The words died in his throat as the figure turned fully around, now visible in the mellow light of the oil lamp.
It was like the devil's walking parody of Father Christmas.
He was red-suited, with a thick white beard, but Doc saw that the beard was made from crystals of ice, matted together in an obscene simulacrum of the original.
The eyes were empty ivory sockets, filled with blue-tinted chips of ice, that sparkled with an evil and unnatural life that sent a chill to Doc's heart.
"Suffer little children, ho, ho, ho. Oh, yes, little children will suffer, Dr. Tanner."
The mouth opened, and Doc saw that the teeth were needle-tipped ice, as clear as glass. One hand reached out over each bed, the fingers of clicking bone tipped with daggers of razored ice, slicing down toward the pitifully exposed throats of Rachel and Jolyon.
Doc found that he couldn't move and be began to weep, the tears freezing on his cheeks.
RYAN BACKED AWAY, the twisted, dried-out corpses remorselessly following him into a corner. He aimed the revolver at the nearest horror and squeezed the trigger.
Instead of a powerful explosion, the weapon barely sighed, releasing a trickle of powdery snow over Ryan's feet.

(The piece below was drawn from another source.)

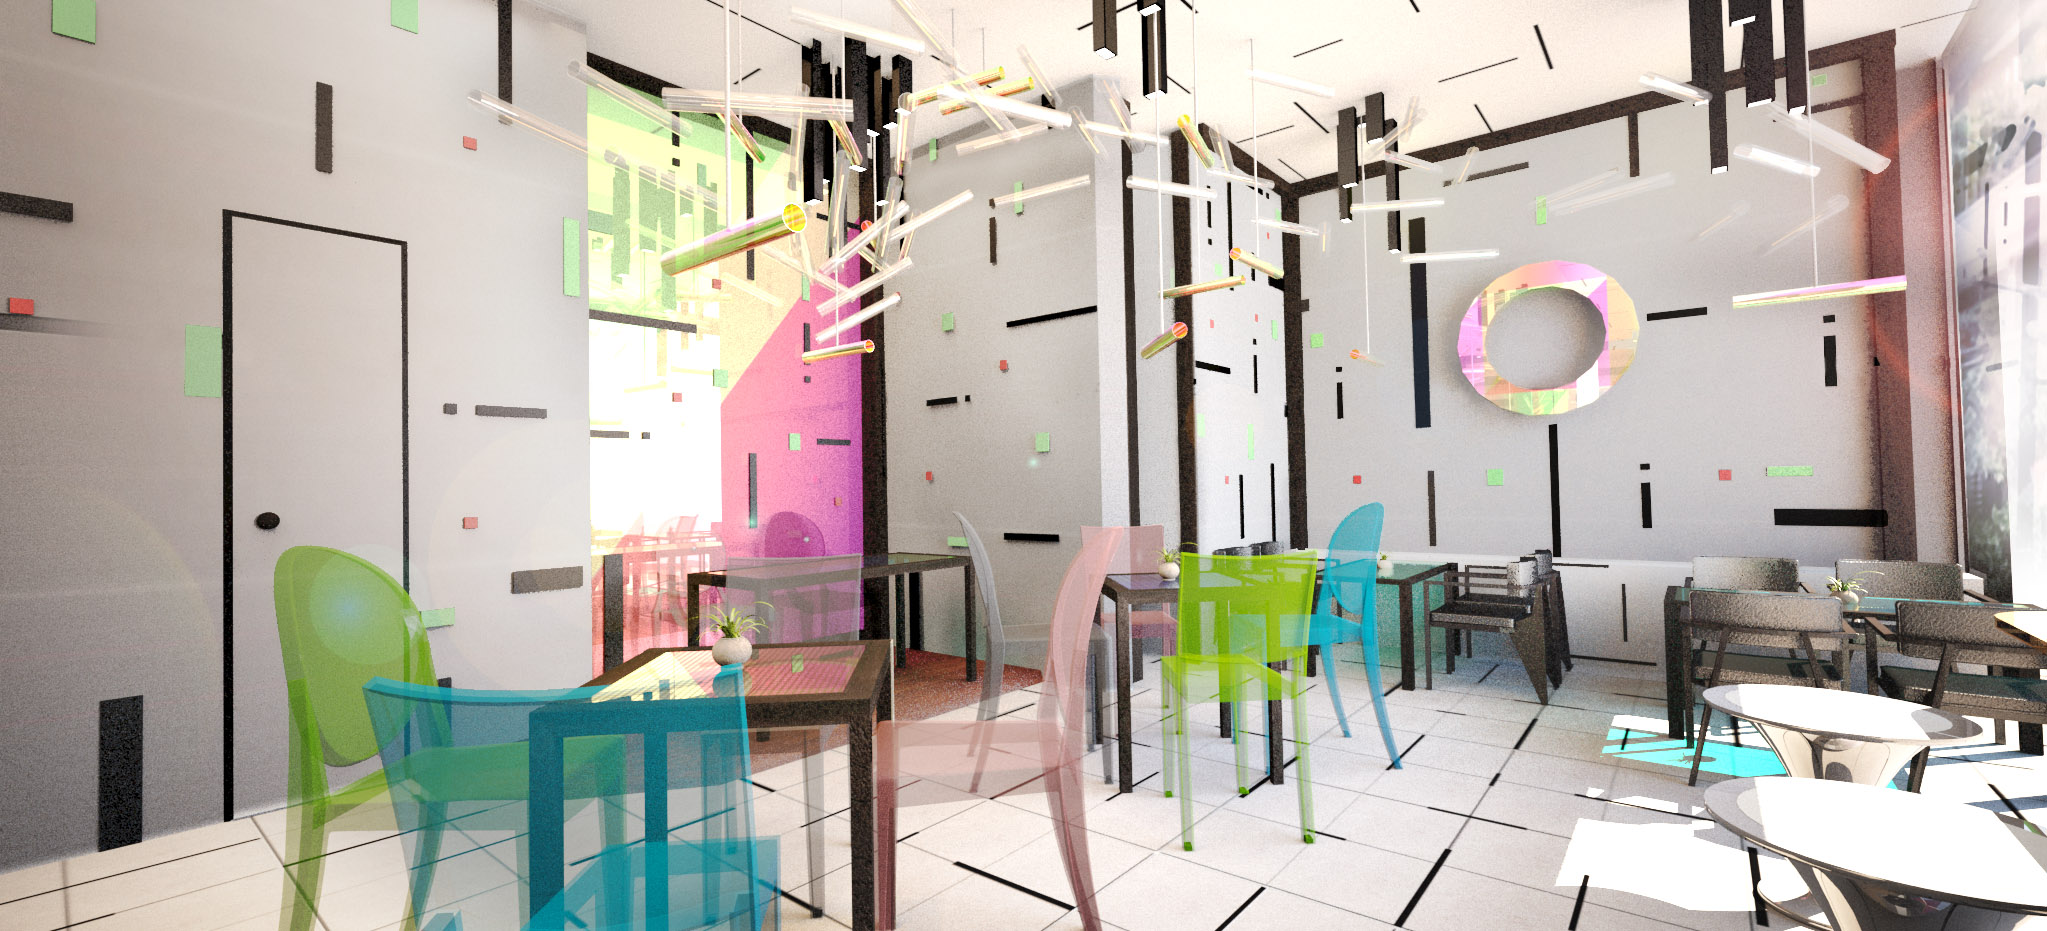 Quality Design Can Help Your Business Interior Design Built Graphic Design Branding Design

The one-eyed man dropped the useless blaster and began to scream.
Chapter Five
The voices were familiar, but they were coming from an infinite distance away. Blurred, rising and falling, seeming to echo around the inner walls of Ryan's skull.
"He was nearest the door."
"But we all shared the same kind of dreadful nightmare, with cold at its heart."
The first voice had been a man, someone that Ryan had known many years ago, someone that he thought he still knew. And the second speaker was the black woman.
"Mildred," he tried to say, feeling his dry lips move, but not hearing any sound.
"Lie still, Ryan. It's not time to try to move around too much. Not yet."
"Sure thing, Mildred."
The last thing that he wanted to do was move. Even the thought of opening his eye was impossibly repugnant to him.
He shifted a little, trying to establish how he was lying. On his back, head turned to the left, he decided. Mildred's doing again, making sure he didn't choke on his own vomit.
"Missing," he said.
"What is?" It was Jak's voice. "Blaster." His hand had crept down to the empty holster on his hip.
"John Barrymore removed it for safety. Yours as well as ours, dear friend. He was the first to recover from this dreadful jump and he found you, lying by the partly open door, with your pistol in your hand."
"Why?" Ryan sighed. His brain felt like it had been dragged behind a galloping horse through a mess of cactus.
J.B. answered him, his voice sounding ragged and tired. "You were waving the SIG-Sauer around like you were surrounded by enemies. But you were trying to cock it with your thumb, like it was some big old revolver."
"It was. Llama Comanche."
"Dark night! Must be twenty years since you carried that as your side arm."
"Were you caught in some kind of fantasy that involved being cold, lover?"
Ryan finally risked opening his eye and waited patiently for it to recover some kind of focus. He saw that he was stretched out on the floor of a gateway chamber, lying on one of the circular metal disk
s. The armaglass walls were a beautiful shade of clear cerulean blue, like a summer sky in southern Utah. The others were all standing around him. The first thing that caught his eye was Krysry's fiery red hair, then the flare of magnesium white next to it that was Jak Lauren's head.
"Cold?" he finally answered. "Yes. Big nightmare. Living corpses that. Why?"
"We all did," Dean said. "Real rocky horror-show stuff, Dad."
"But we all made it through the jump." Doc, leaning against one of the chamber's walls, idly tapped on the floor with the ferrule of his ebony sword stick, his gnarled fingers gripping the silver lion's-head hilt. "The mental process was peculiarly unpleasant, possibly because of the partly open doorway. But that was then."